The first one is that it increases the reliability of your business to use processes as a way of optimizing the way you work. This increases your production capacity and also reduces your stress. Informal processes are captured and added to the organization’s know-how. If you don’t do this and people move away, you can lose their know-how as well.

You can also optimize and standardize the processes When you have a good way of doing something, then you can make it even better.

There’s no point in doing things less than the best way.

With cloud-based BPM, each activity is announced by a notification, usually an email, so the training becomes telling people “When you get a message like this, then react to what it tells you to do”.

If the wording of the tasks is properly done then the amount of training needed is reduced considerably.

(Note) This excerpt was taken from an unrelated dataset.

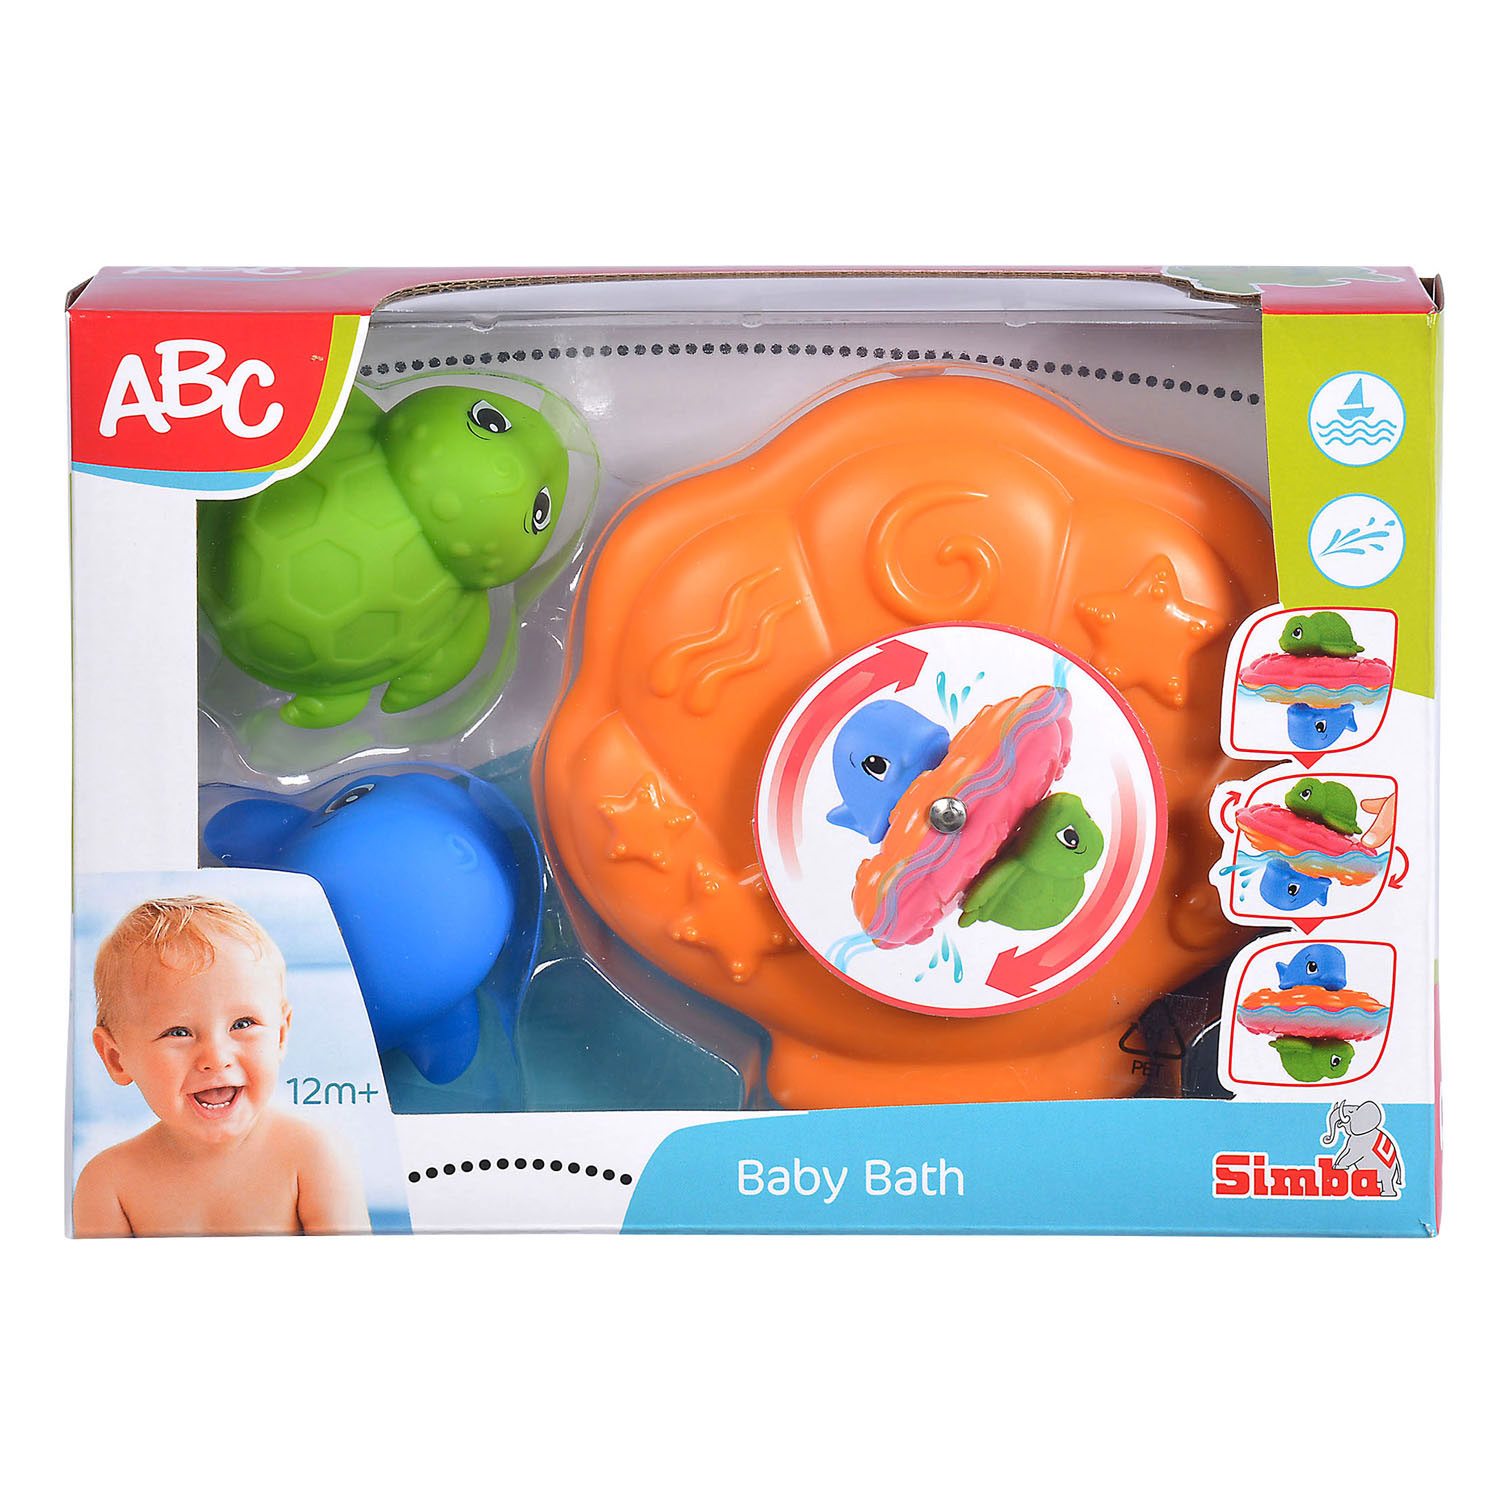 Coquille de jouet de bain ABC avec animaux marins

The users can be anywhere in the world, particularly today with mobile phone access to networks. The team members don’t all need to be sitting in one place together, so this gives great scope for deciding who’s involved in doing the work.

BPM business process management is actually a requirement of the ISO 9000:2015 standard.

So if you’d like to discuss this or any of your project issues, please connect with me.

Thanks very much.
Dr. Deasún Ó Conchúir (pronounce) is a Collaboration Consultant at Scatterwork, which supports Project Solutions for Virtual Teams.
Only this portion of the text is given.